方案:查找树的基础上添加了一个元素,用来记录当前子树的元素个数。
//查找第k个元素转用数据结构
typedef struct BiNode_K{
ElemType data;
struct BiNode_K *lchild,*rchild;
//存放的是包括其自身在内的子树的节点个数
int NbrOfChild;
}BiNode_K,*BiTree_K;
//BST-插入
template <typename Node>
bool BST_Insert(Node **Tree,int Num)
{
if ((*Tree)==NULL)
{
(*Tree) = (Node *)malloc(sizeof(Node));
(*Tree)->data = Num;
(*Tree)->lchild = (*Tree)->rchild = NULL;
return true;
}
else if(Num<((*Tree)->data))
{
return BST_Insert(&((*Tree)->lchild),Num);
}
else if (Num>((*Tree)->data))
{
return BST_Insert(&((*Tree)->rchild),Num);
}
else
{
return false;
}
}
//BST-建立
template <typename TreePtr>
bool BST_Bulid(TreePtr Tree,ElemType Buff[],int len)
{
int ErrorCnt=0;
for (int i=0;i<len;i++)
{
if (!BST_Insert(Tree,Buff[i]))
{
ErrorCnt++;
}
}
if (ErrorCnt>0)
{
return false;
}
else
{
return true;
}
}
//递归统计每个节点孩子个数
int CreateKTree1(BiTree_K Tree)
{
if (Tree==NULL)
{
return 0;
}
return Tree->NbrOfChild = CreateKTree1(Tree->lchild) + CreateKTree1(Tree->rchild) + 1;
}
//创建查找第k个元素的排序树
void CreateKTree(BiTree_K *Tree, ElemType Buff[],int len)
{
BST_Bulid(Tree,Buff,len);
CreateKTree1(*Tree);
}
//查找第k个数字
//返回0表示k超出范围
ElemType KTreeFindKthNum(BiTree_K Tree,int k)
{
int NbrOfLeftChild = 0,NbrOfRightChild = 0;
if (Tree==NULL)
{
return 0;
}
if ((Tree->NbrOfChild)<k)
{
return 0;
}
if (Tree->lchild!=NULL)
{
NbrOfLeftChild = Tree->lchild->NbrOfChild;
}
if (Tree->rchild!=NULL)
{
NbrOfRightChild = Tree->rchild->NbrOfChild;
}
//要查找的数字在左孩子里面
if (k<=NbrOfLeftChild)
{
KTreeFindKthNum(Tree->lchild,k);
}
else if (k==(NbrOfLeftChild+1))
{
return Tree->data;
}
else
{
return KTreeFindKthNum(Tree->rchild,k - NbrOfLeftChild - 1);
}
}
python实现:
# 节点记录了子树的节点个数
# 此树的优点在于可以二分法查找第k小的节点,平均时间复杂度为O(logn),普通或者平衡二叉树都做不到!

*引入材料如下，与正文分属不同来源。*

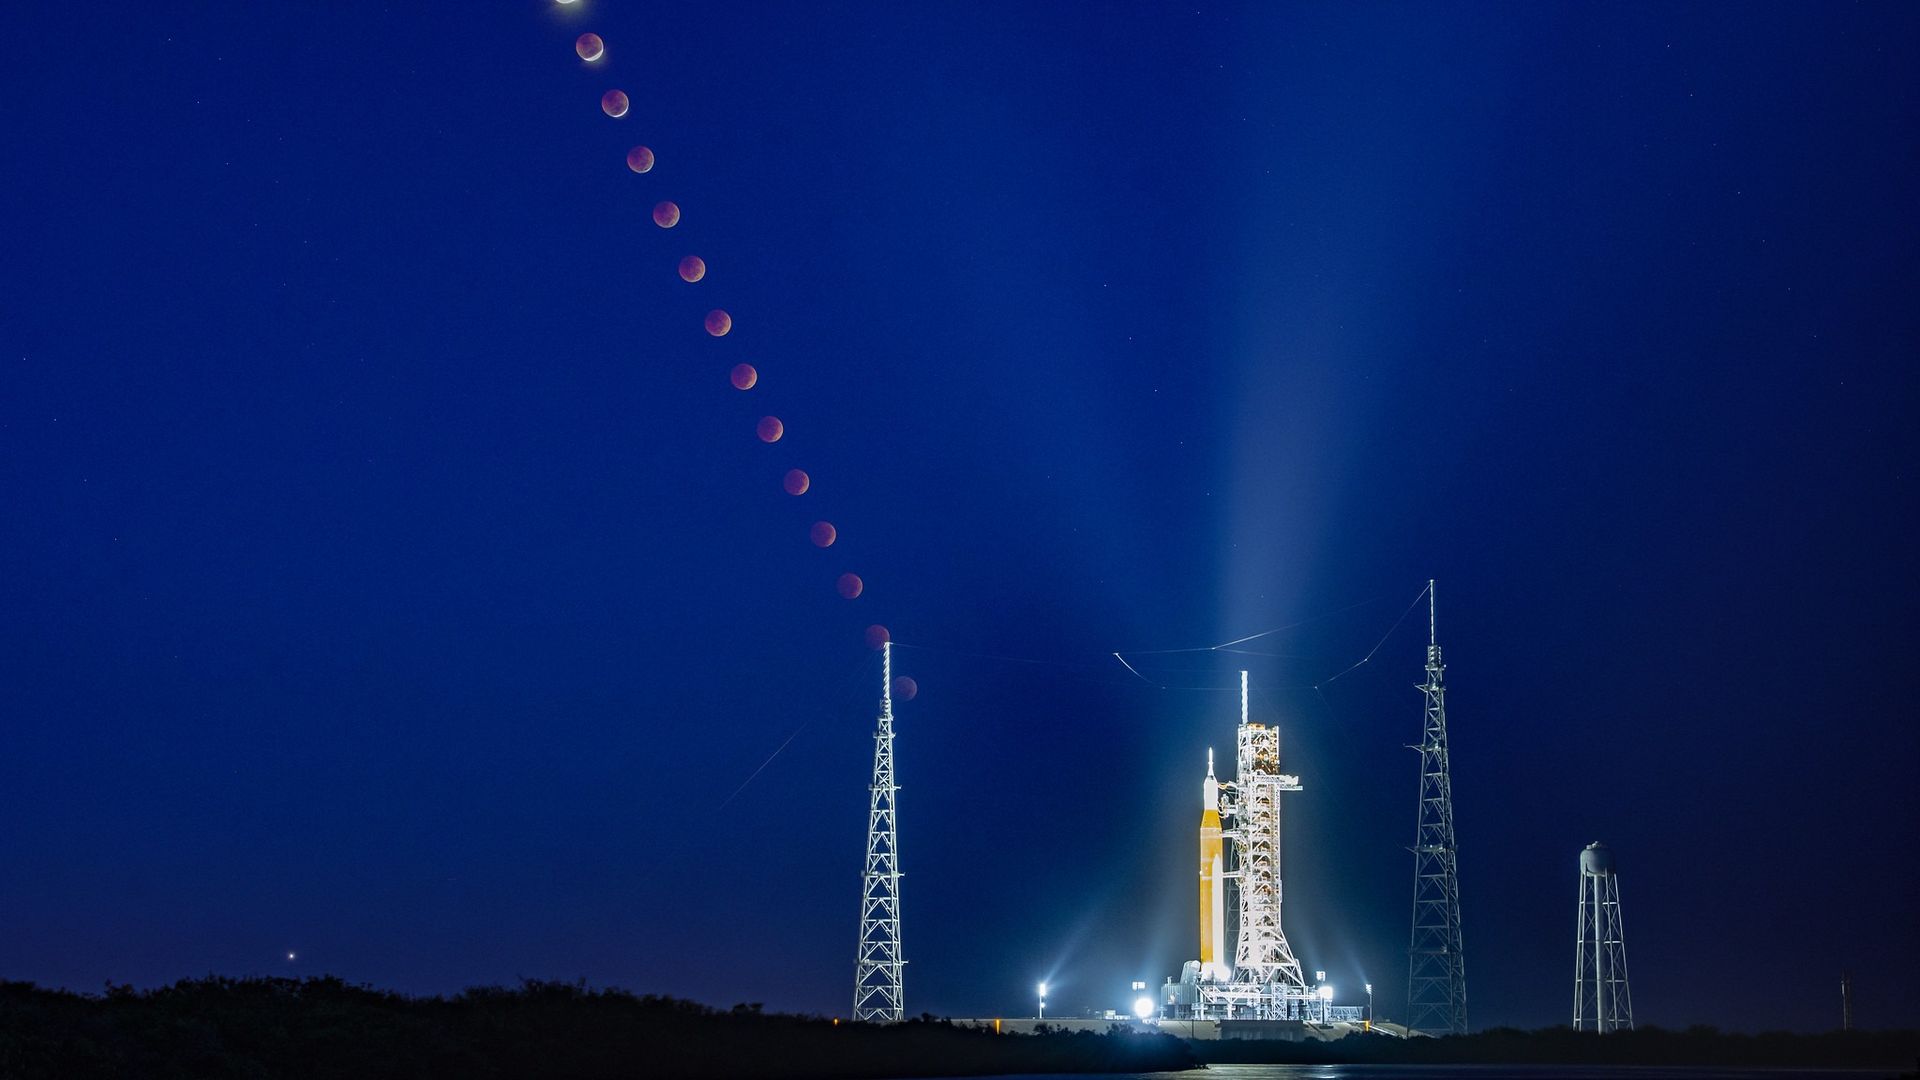 Blood Moon rises over Artemis 1 megarocket preparing for launch in

class MySearchTreeWithCount(MySearchTree):
# def __init__(self,data):
# if type(data) is list:
# if len(data) < 2:
# self.root = None
# return
#
# self.root = Node(data[1])
#
# root = self.root
# for elem in data[2:]:
# self.insert_node(root,elem)
# 重载
def insert_node(self, root, elem):
root.node_count += 1
if elem <= root.data:
if root.lc:
self.insert_node(root.lc, elem)
else:
root.lc = Node(elem)
else:
if root.rc:
self.insert_node(root.rc, elem)
else:
root.rc = Node(elem)
def find_kth_elem(self,root,k):
# k: 1~n
if k > root.node_count or k <= 0:
return None
lc_num = root.lc.node_count if root.lc else 0
if k <= lc_num:
return self.find_kth_elem(root.lc)
elif lc_num == (k-1):
return root.data
else:
return self.find_kth_elem(root.rc,k - lc_num - 1)